At a fundamental level, this should be a function of scrapping and demand in the specific segments within the sector. However, the year has begun with an apparently disappointing less-than-expected rise in charter rates despite a shortage of supply.

Despite this, industry players, including some specialists in the segment are keeping the faith and still believe this is the right place to be this year.

Much of it has to do with the age profile and ongoing scrapping patterns of the sector. According to VesselsValue, although scrapping activity slowed in 2017 it remains strong.

“Additionally, the fleet of smaller ships is ageing, with a small outstanding orderbook. The number of ships that will be heading to the breakers will remain high over the next several years,” the ship valuation platform noted.

In addition, while the absolute numbers may be smaller than expected, in percentage terms the rise in charter rates is not to be scoffed at, considering the general state of the shipping market.
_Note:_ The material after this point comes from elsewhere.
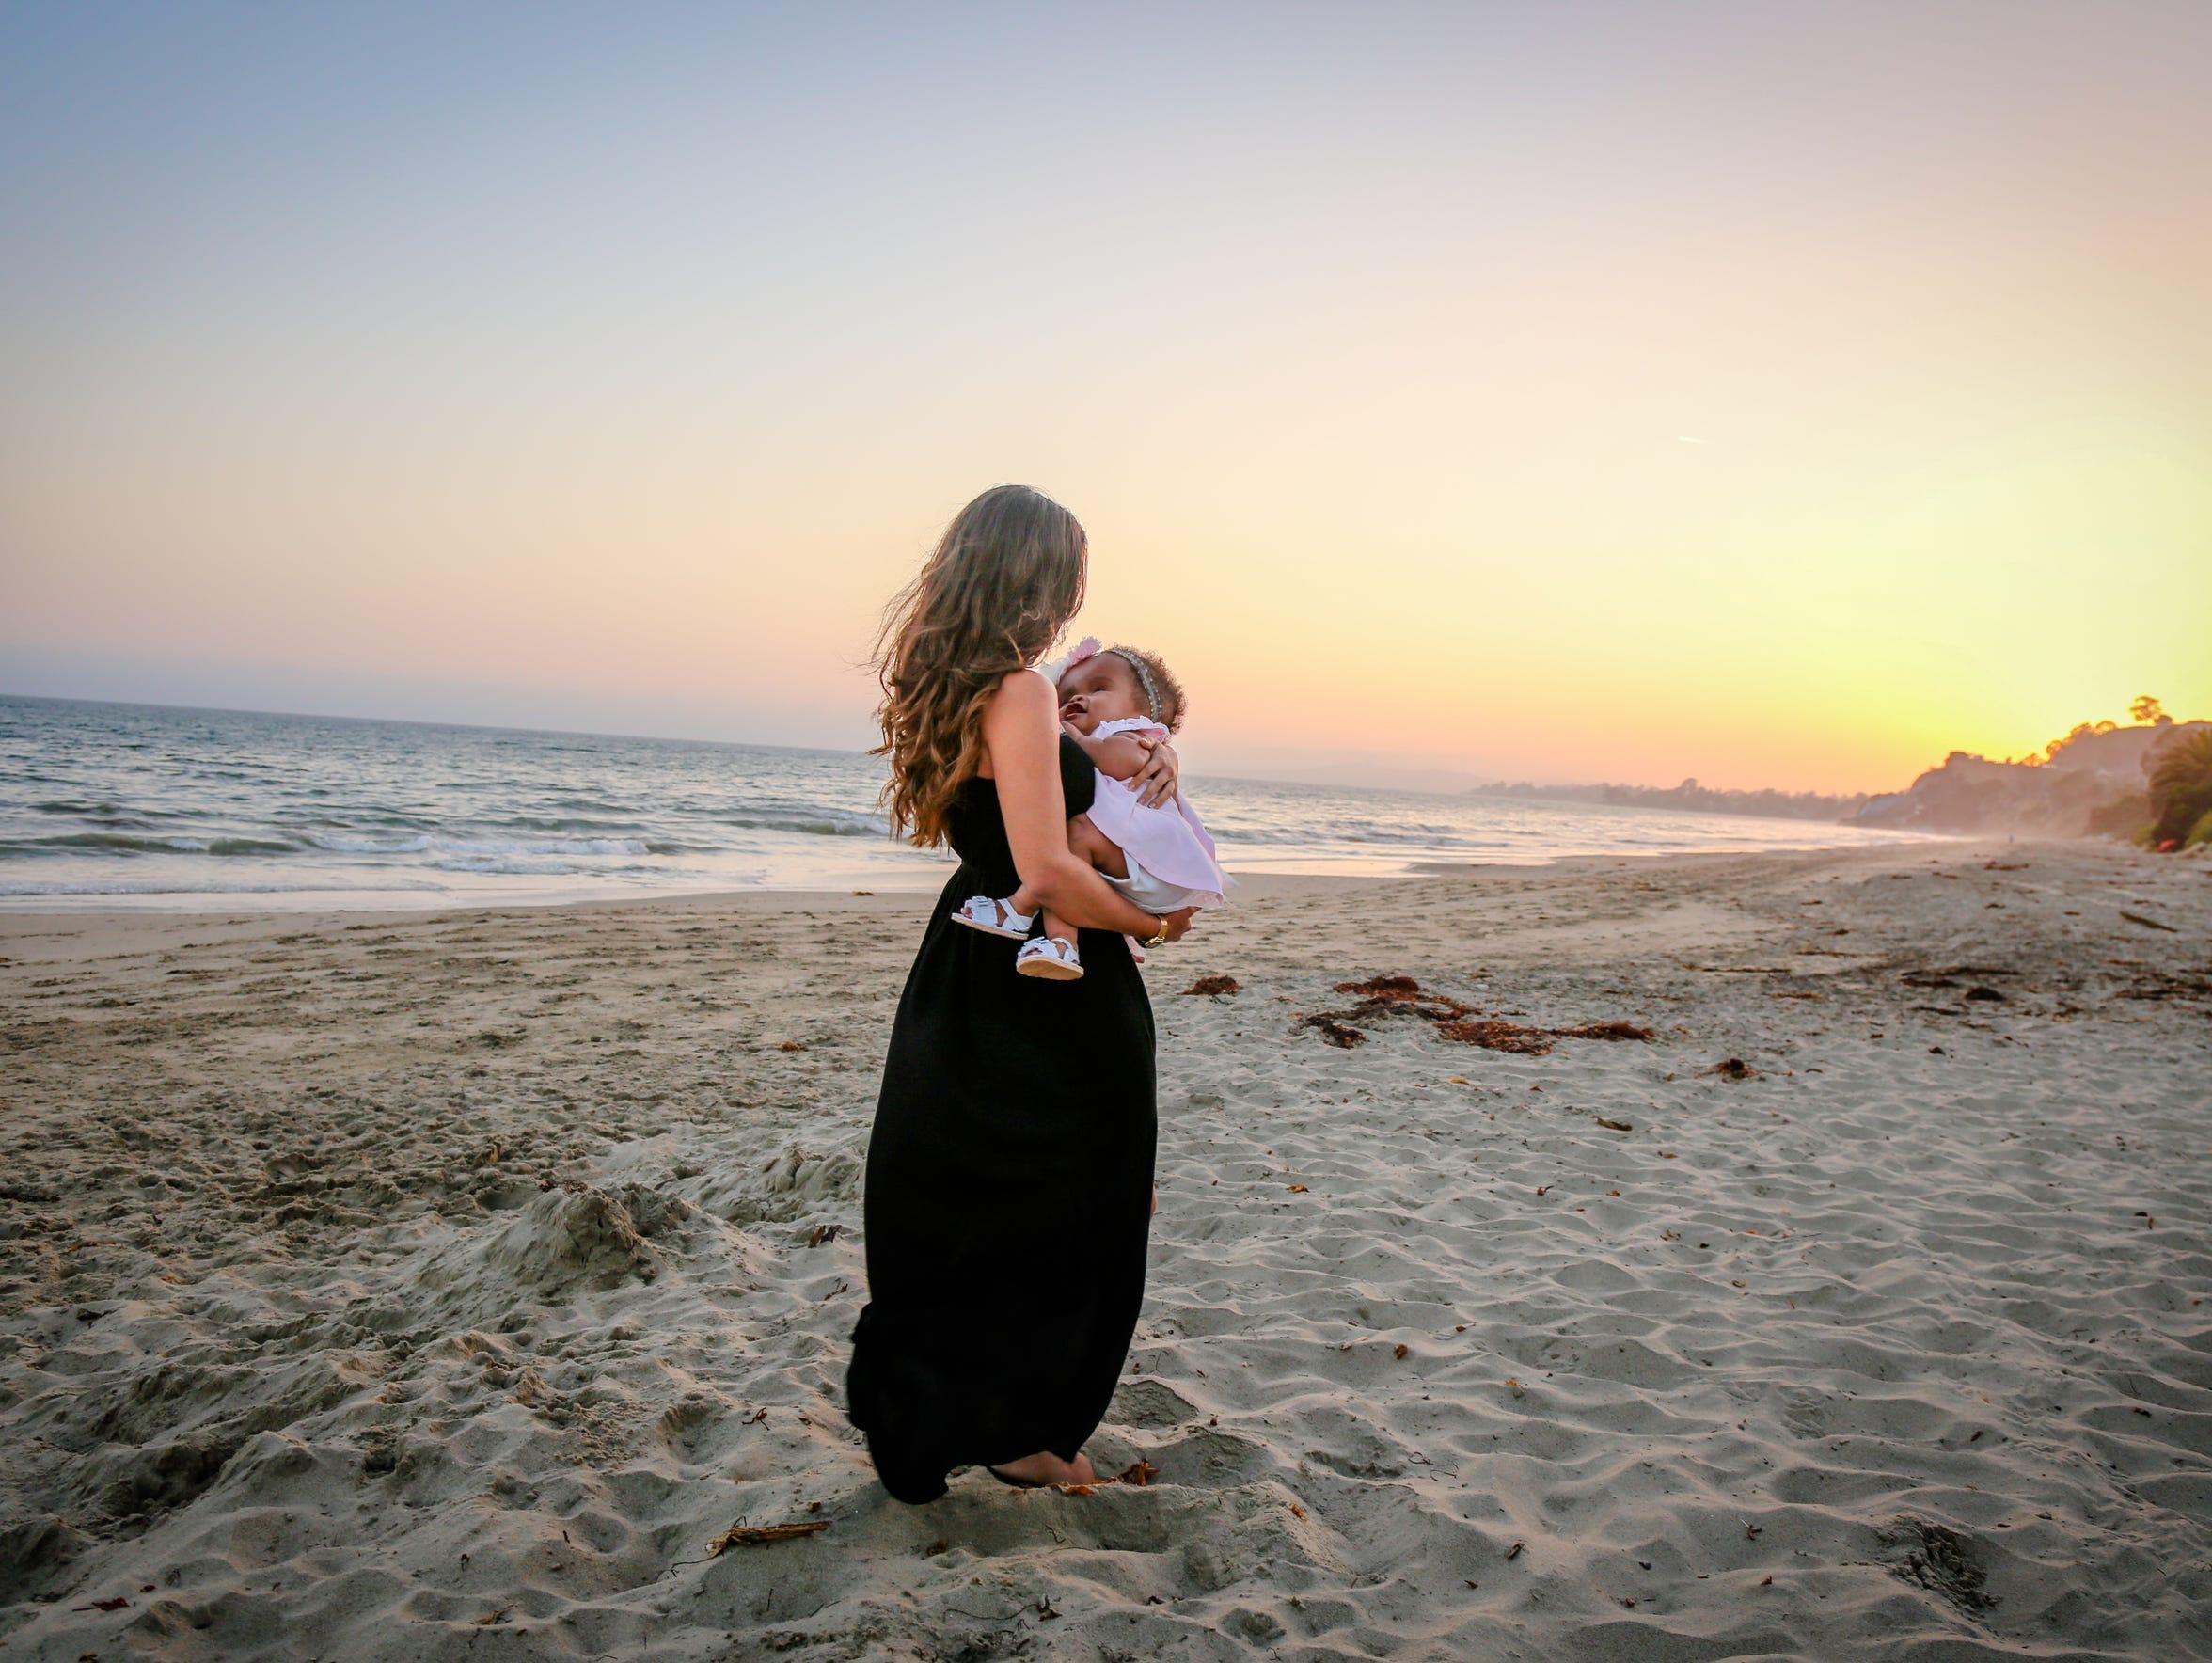 Sarah Conque has dedicated her life to saving baby

For example, 1,700 teu ships rebounded from a low of $6,400/day up to their current market level of $9,300/day. Meanwhile, 3,500 teu panamaxes rose from a low of $6,550/day in December 2016 to $9,800/day at the present time, VesselValue pointed out.

“I believe that charter rates are up anywhere from 30-50% year-on-year which I think is quite a significant improvement, and yes, with the idle fleet down from 6% to 2% year-on-year then one could realistically expect further increases in 2018, though scrapping has all but stopped,” said Tribini Capital director Thomas Soderberg.

“The market is becoming more balanced and the orderbook is relatively small so we have seen an improvement in rates. There has been a fairly lengthy period of under-investment in the feeder sector and a lot of the fleet is now becoming quite old,” noted Mandarin Shipping chairman Tim Huxley.

On the market in general, Huxley said: “Rates have begun to move upwards, particularly for modern, fuel efficient ships but the lack of any significant period business will probably put a hold on any big new investment by charter owners whilst the major lines have been focused on investment in the bigger ships.”

Highlighting an age-old conundrum Soderberg commented: “The value and premium of newbuildings is very much related to the oil price, whilst the risk of poorly maintained older ships breaking down is considerably higher.”

He added: “It’s always easier to run new ships, but you need a higher market to justify the cost. Secondhand seems like a good punt if one can find decent quality ships.”

Indeed a big issue is the availability of quality tonnage. “For owners such as ourselves who are committed to building an Asian-based feeder operator, the key will be if there are the good quality modern assets we want available in the market,” Huxley reiterated.

Looking ahead to the rest of the year, these players remained optimistic about the sector, but emphasized that certain conditions needed to be in place to be successful.

“Stay away from ULCVs and focus on smaller ships where assets are aging and will need to be replaced for service into smaller ports. Identify specific pieces of business or specific trade routes rather than making a generic-sized type asset play,” advised VesselsValue.

“Like most areas of shipping, there is a higher degree of optimism in container trades than there was previously and this is supported by the fact that there has been little investment in recent years. Whilst there is optimism of continued intra-Asian trade growth, there could be a few speed bumps along the way,” said Mandarin’s Huxley.

“It is a sector we are committed to and if the right opportunity comes along, then we would certainly look at investing but as regards new buildings, we would certainly want to see a higher level of long term employment to leap in,” he concluded.

“New buildings if you have patient investors, with moderate expectations and a long horizon. Second hand if you have more of a gambling mindset,” Tribini’s Soderberg opined.

Elaborating, he added: “You run the risk of maintenance problems which can be costly, but could also see a 50% return in the next 12-18 months.”

“Looking at risk vs reward overall we think the returns in alternative ship finance are the most attractive space to be in today,” Soderberg concluded.